Neben allem anderen spielte Mobbing in allen drei Fällen eine essentielle Rolle. Hinz’ MdB-Büro war, wie sich später herausstellte, für dort Angestellte die Hölle auf Erden; Ex-Mitarbeiter berichten von Schikanen sowie einem herabwürdigenden Umgangston. Die »Boy Group« um den hessischen CDU-Aufsteiger Tauber ließ es systematischer angehen: Das Mobbing einer unliebsamen Kreisverband-Geschäftsführerin wurde via Briefing feinabgestimmt und trug – hessischem CDU-Verständnis von saloppen Formulierungen in der Beziehung wohl Tribut zollend – die aus der Konzentrationslager-Terminologie abgeleitete Bezeichnung »Operation Kaninchenjagd«. Die aufgeführten Instrumente: Zuschustern von Arbeit, Bluffs bei Klärungsgesprächen bis hin zur Sitzordnung, Manipulation von Gremien. Tauber bestreitet bislang zwar die Beteiligung, nicht aber, dass er von der zirkulierenden Mobbinganleitung Kenntnis gehabt habe.
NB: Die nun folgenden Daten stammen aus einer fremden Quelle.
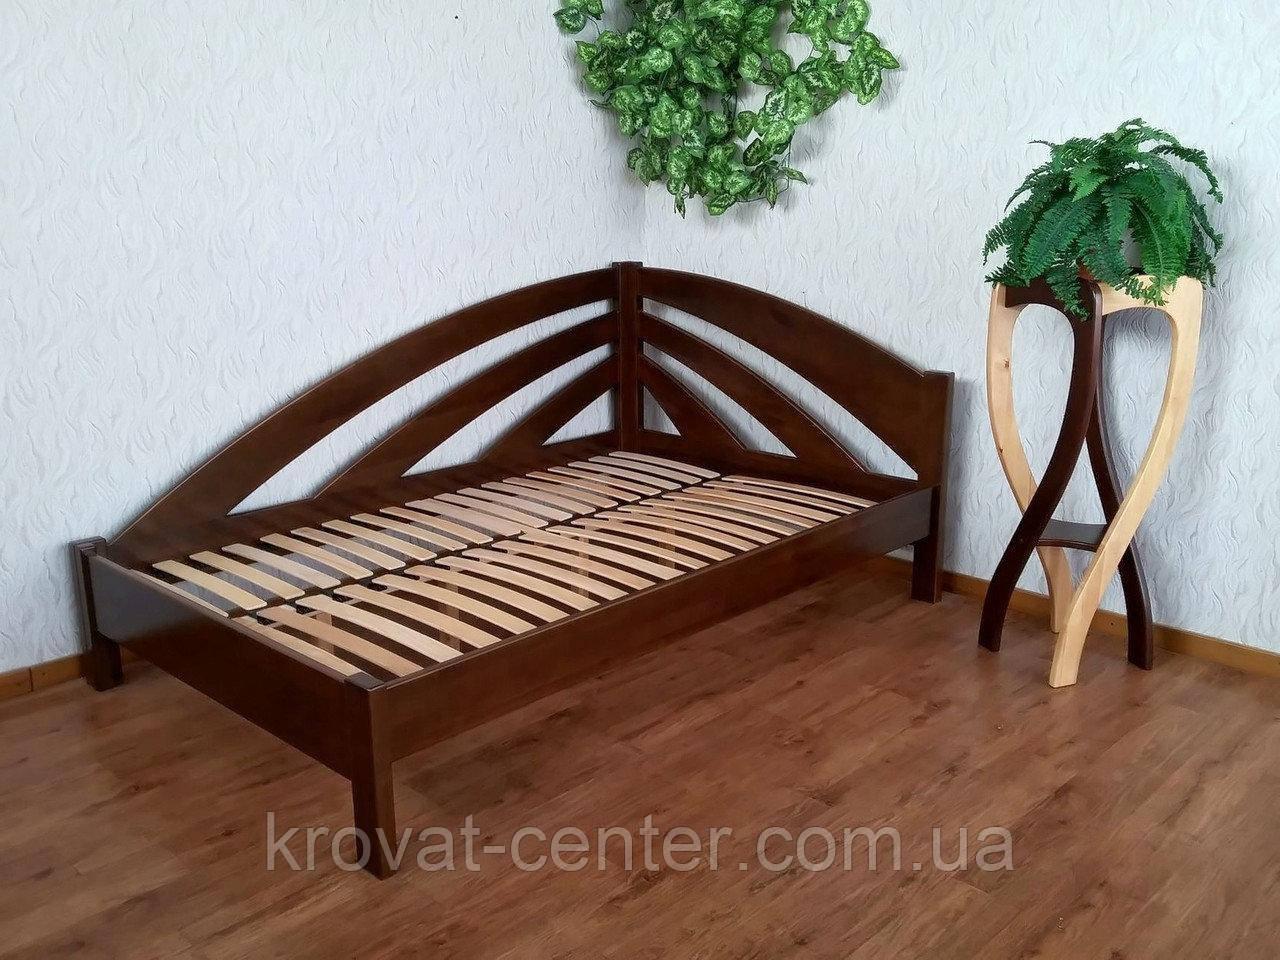 """Кутова полуторне ліжко з масиву натурального дерева """"Веселка"""" від виробника"""

Claus-Brunner? Der ehemalige Berliner Piratenpartei-Abgeordnete überwarf sich während seiner Zeit im Abgeordnetenhaus wohl mit allen und jedem. Harsche Worte, Twitter-Tweeds, Androhung von Gewalt und auch hier wohl: Mobbing von abhängig Beschäftigten. Gefahrenzone Politiker? Zyniker mögen da konstatieren, dass Schäden für Leib und Seele lediglich dann zu befürchten sind, wenn Normalbürger(innen) sich in partei- oder arbeitsrechtliche Nähe zu Politiker X oder Politikerin Y begeben. Auch Claus-Brunners Opfer bewegte sich rückblickend gesehen in einem einschlägigen Risikomilieu: dem der Berliner Piraten. Positiv könnte man den Umkehrschluss in etwa wie folgt auf den Punkt bringen: Hält man sich von politischen Funktionsträgern fern, ist das Risiko, später zum Psychotherapeuten zu müssen oder gar als Leiche in einer fremden Wohnung zu landen, ziemlich gering. Entsprechende Zurückhaltung vorausgesetzt, hat man lediglich die normalen Auswirkungen zu vergegenwärtigen: politische Entscheidungen, die sich mal mehr, mal weniger auf das eigene Leben auswirken.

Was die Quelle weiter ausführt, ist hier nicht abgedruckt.